安多没有接着说下去,我有些耐不住性子,“你这话说了一半我很难受啊。”
“啊哈,果然你还是在意西里斯的,对不对?”
我看着这个大我六岁的姑娘,无奈的笑了笑,安多可能以为这是我在自我怜惜,抬手摸了摸我柔顺的头发,“其实,做出一些改变没有什么不好。”
“你和唐克斯?”
我和西里斯都知道她和唐克斯的事,也仅仅只有我们俩。
“我们好着呢,我决定一毕业就嫁给他呢!”
她的语气仿佛今天能吃到糖浆松饼,德鲁埃拉一直不允许她吃,她认为作为布莱克家族的女孩子要懂得身材管理。
安多的语气轻快得令我难以置信,没有一丝忧虑和犹豫,一个蓄谋已久的计划……
“你不害怕吗?沃尔布加那个疯子……哦抱歉,她是你的姑母,但她确实是个疯子,她会把你除名的。

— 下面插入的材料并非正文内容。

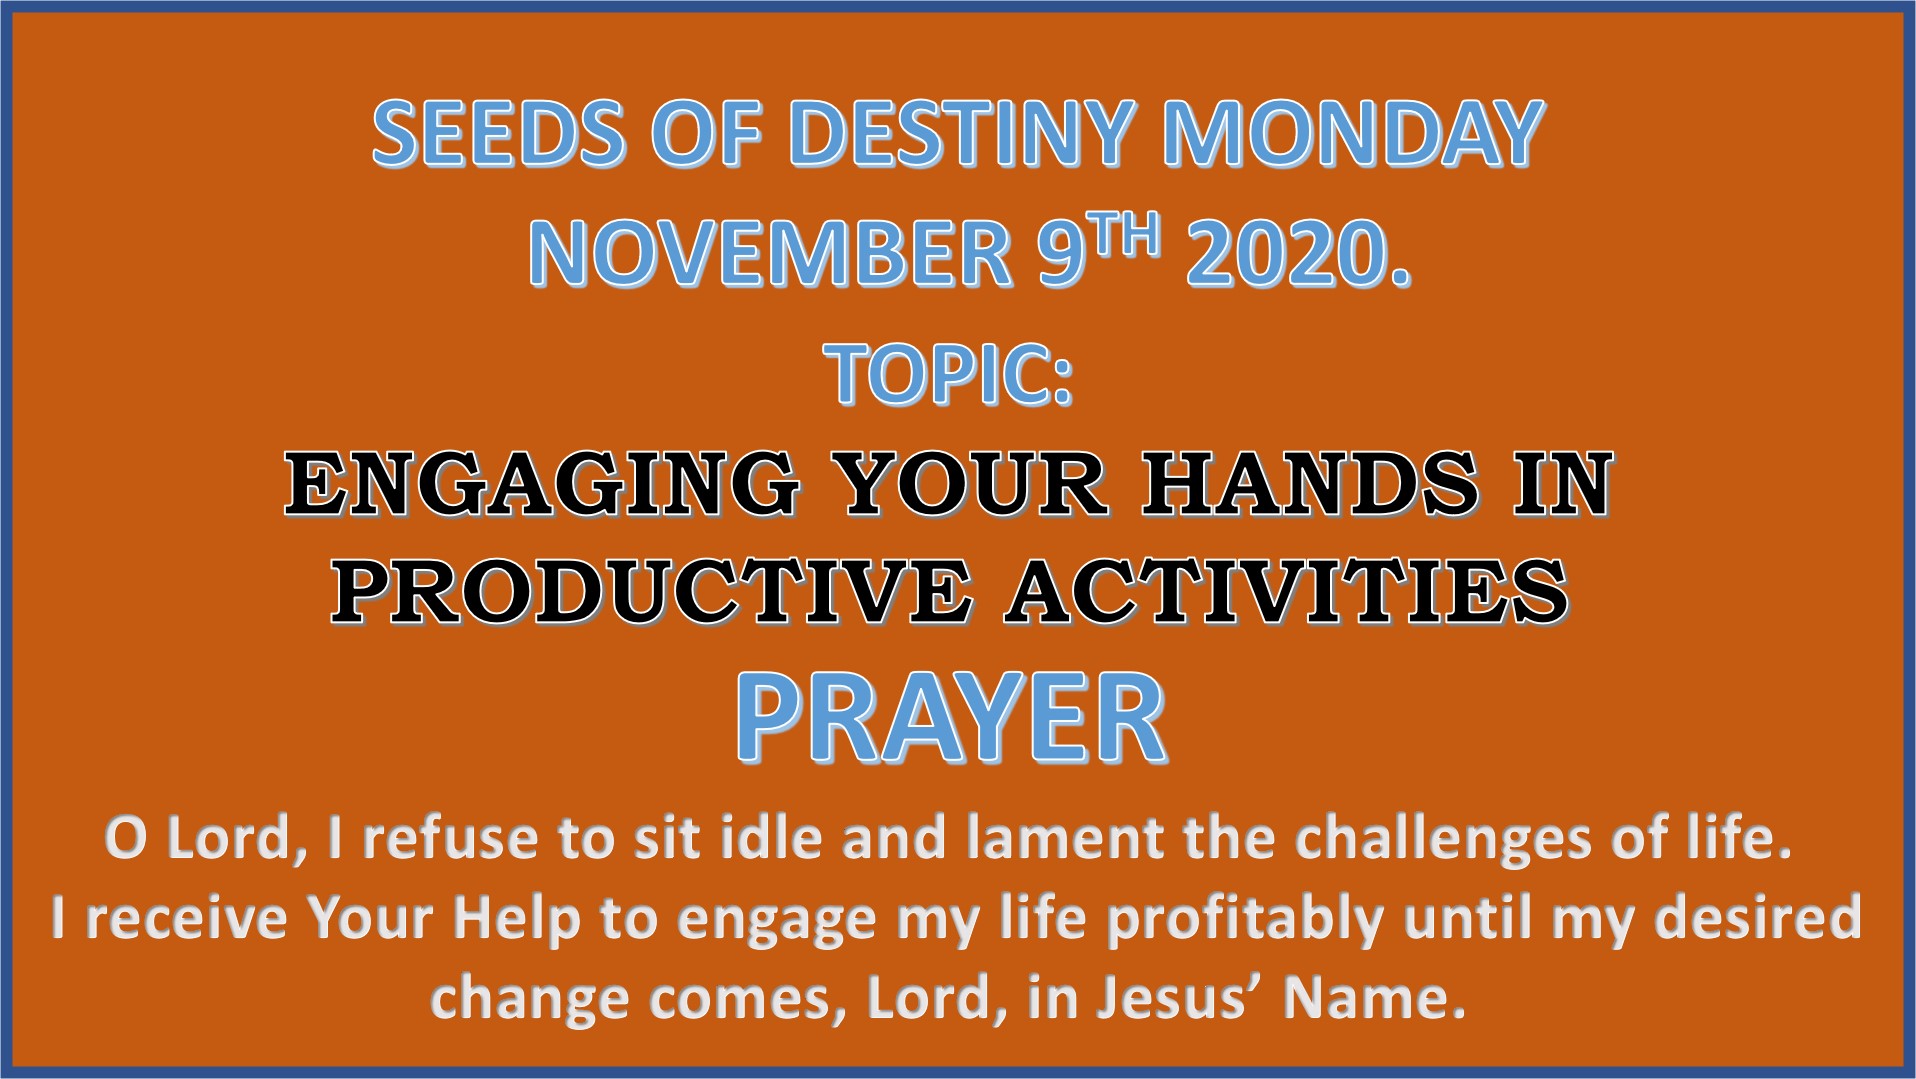 Seeds of Destiny Monday 9th November 2020 by Dr Paul Enenche

”
“无所谓啊。”安多笑了笑,她真的很爱笑,和其他古板冷血的纯血们的笑容不同,她笑起来总是那么真实,浅灰色的眼中散着光芒,无限的活力迸发出来。
“从小到大我的父母都知道我是怎么样的人,只不过他们不敢告诉沃尔布加,你说的没错,她就是个疯女人,和我的姐姐贝拉一样,所谓的高贵的纯血主义论者,真是够可笑的。”
她放声大笑起来,在尚且幽深寂静的走廊里显得诡异,足足持续了一分钟她才止住,末了的声音夹杂着一声叹息,我看向她,她的灰眸好似失去的光芒,被黑暗遮住了所有星光。
但那只持续了一瞬,安多搂上我的肩膀,一如既往的笑着对我说,“到时候别忘了来参加我的婚礼啊!你和西里斯一个都不能漏!”
我眨眨眼,故作纯真的样子看向她,却只能看到她咧开的嘴角,洋溢着幸福的笑容。
“我会的,安多。”
我一定会的,一定会亲眼见证这个勇敢姑娘的婚礼。
“我会拽着西里斯的领子,把他拎到你的婚礼上当小天使的!”
坐在黑魔法防御课的教室里,我后悔死为什么莉兹这么爱学习,偏偏要选第一排的位置,最要命的是——
教授是我已经嫁给兰开斯特的堂姐,塞勒涅·兰开斯特。
她的性格可以用怪异来形容,出嫁之前我与她的接触仅限于家族大型宴会上。
但自从有一次一个不知趣的纯血少爷对心情不佳的她发出第三次邀请后,塞勒涅对他施了一个小小的黑魔法后,自此我再也没见过或者从克洛诺斯口中听说过那位少爷的消息。
直到半年后,我收到了他的葬礼请柬。
“只是个小小的——黑魔法。”肇事者一脸漫不经心,红唇勾起轻浮的笑。
我决定再也不招惹这位堂姐了。
但此刻,她正用那双毒蛇般敏锐的眼神扫视整个教室,最终落在某处——
我清晰的感觉到她的高跟鞋声愈来愈近,末了在我面前停住。
该来的总要来的。
我抬起头,对上那双晦暗不明的眼睛,像一只猫儿般狡黠的盯着我。
结婚一年,她更加性感迷人,那种无形的压迫感也愈发强烈。
“利亚。”她居高临下的俯瞰我,让我不自觉的咽了下口水。
俗话说,敌不动我不动,但古人面对的是人,而我面对的……下一秒就变成蛇怪把整个教室给吞了都不足为奇。
所以我选择先发制人。
“您一定觉得课本上的内容过于简单了,所以想让我们自学,对吗?兰开斯特教授。”
我所认识的每一个成年兰开斯特,身上无一不透着一股孤傲,以及对周围人若有若无的轻蔑。他们沉醉于华丽的赞美和奉承中,就像是垂死挣扎的人对氧气的渴望,仿佛失去这种特性他们就不是兰开斯特。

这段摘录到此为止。